= Rachel Meyer =

German writer (1806–1874)

Rachel Meyer (Rahel Meyer and Rachel Weiss Meyer; 11 March 1806 – 8 February 1874) was a German writer.

Meyer was born in Danzig, 11 March 1806. A few years after the death of her sister Frederika, she married the latter's husband. While devoting herself to charity and teaching, she found time to entertain noted men and to continue her own self-education. The publication of her first book, written while superintending the instruction of her children, was delayed by the death of a son. It appeared in Berlin in 1853 under the title Zwei Sclnvestern, and dealt with the triumph of love over self and was an idealistic exposition of the marital relation. Her husband's business caused the family to move to Vienna; here Meyer met Leopold Kompert and Ludwig August von Frankl, and here she produced her sketch of Vienna life entitled Wider die Katur. Another work, entitled Rachel (Vienna, 1859), was a novel describing the life of the actress Rachel Félix.

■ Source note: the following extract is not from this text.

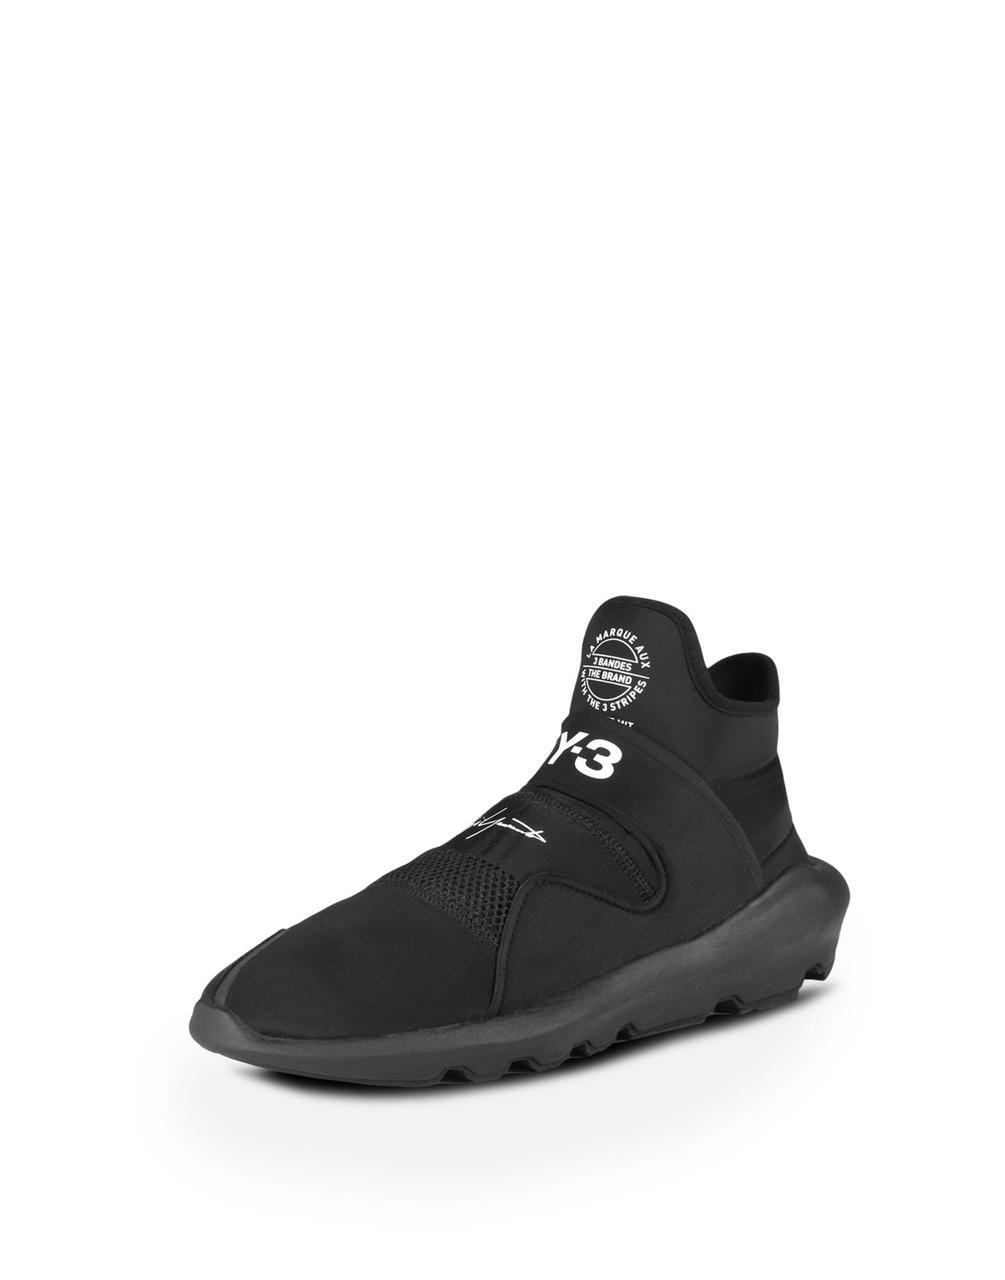 Кроссовки мужские  Adidas YAMAMOTO Y-3 SUBEROU All Black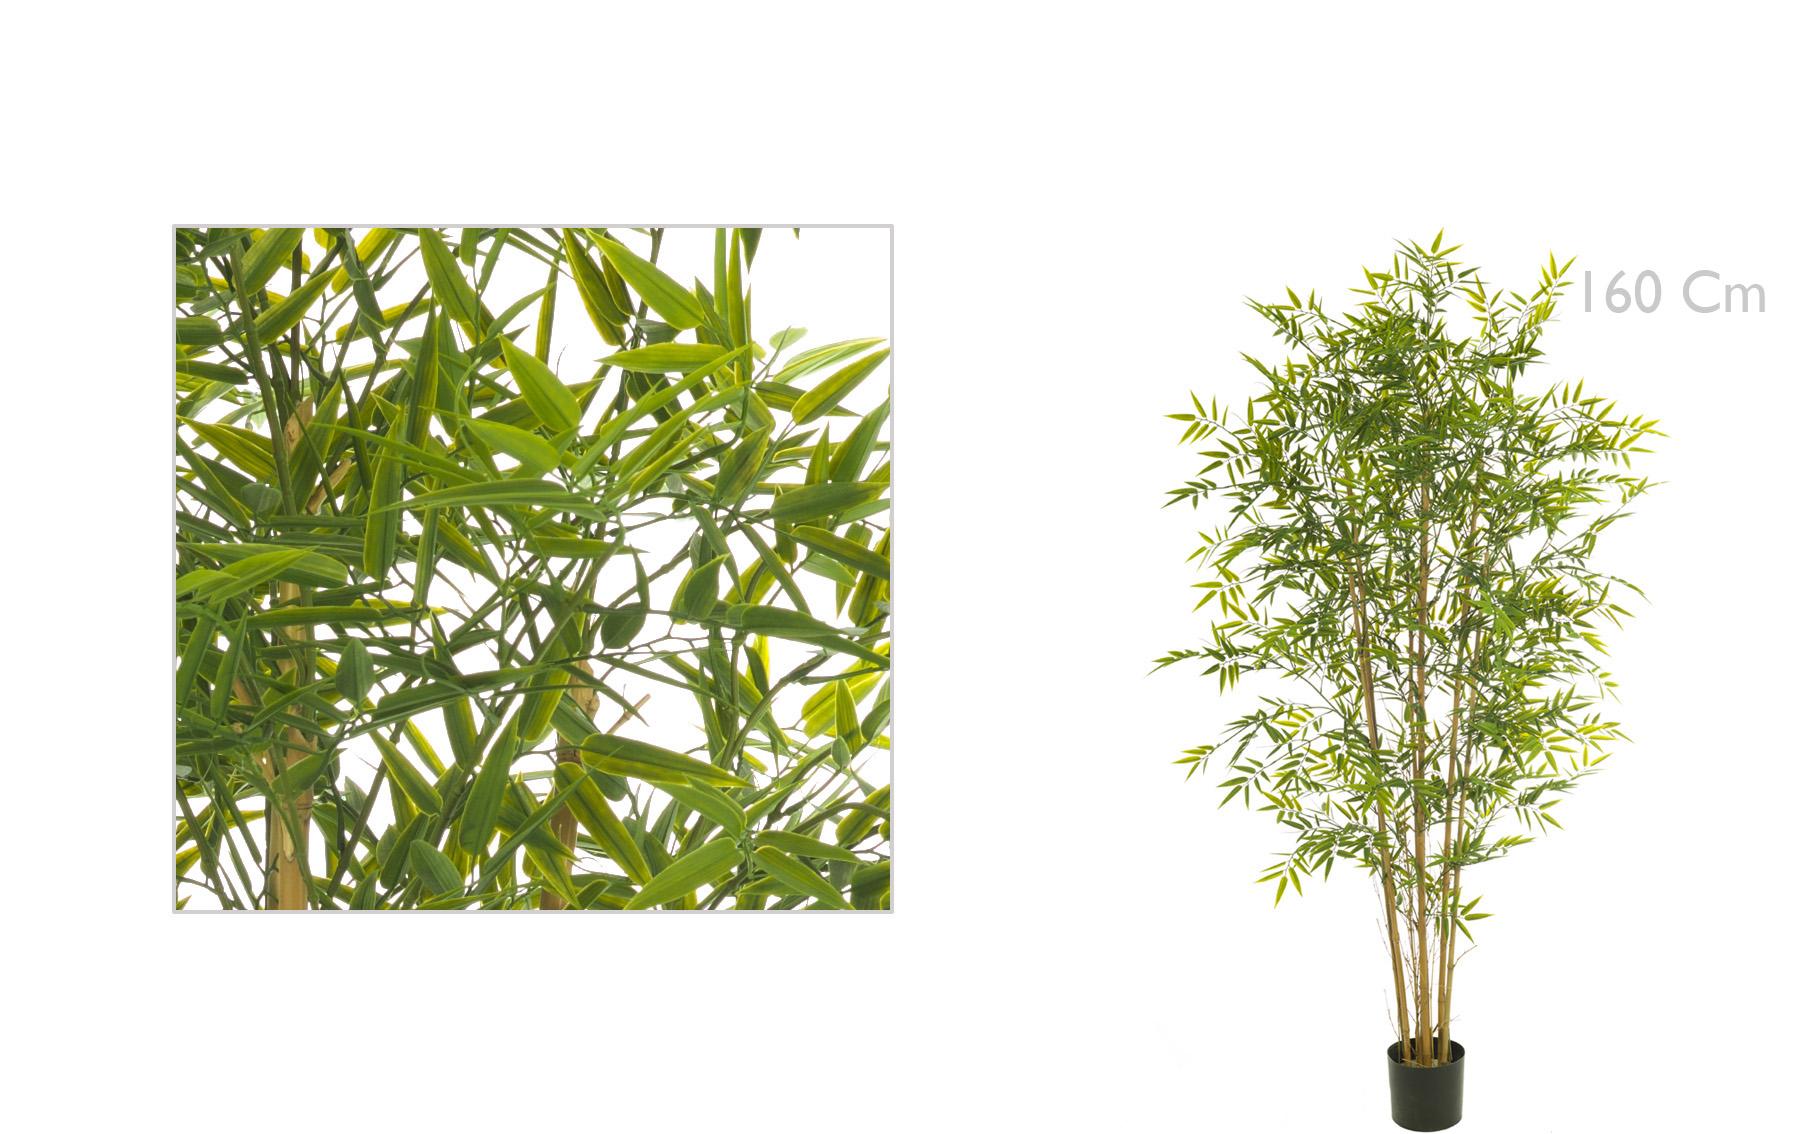 arbool  Bambu de 160cm www.floresymuchomas.com

In Banden Frei (Berlin, 1869), her last novel, was a character study of her friend Lina Davidson. Meyer spent her last years in Berlin, with her daughters. Despite her idealism she was practical, and shortly before her death wrote a sketch of George Stephenson, the inventor, with the express purpose of fostering in her nephew the practical spirit. Meyer died in Berlin, 8 February 1874.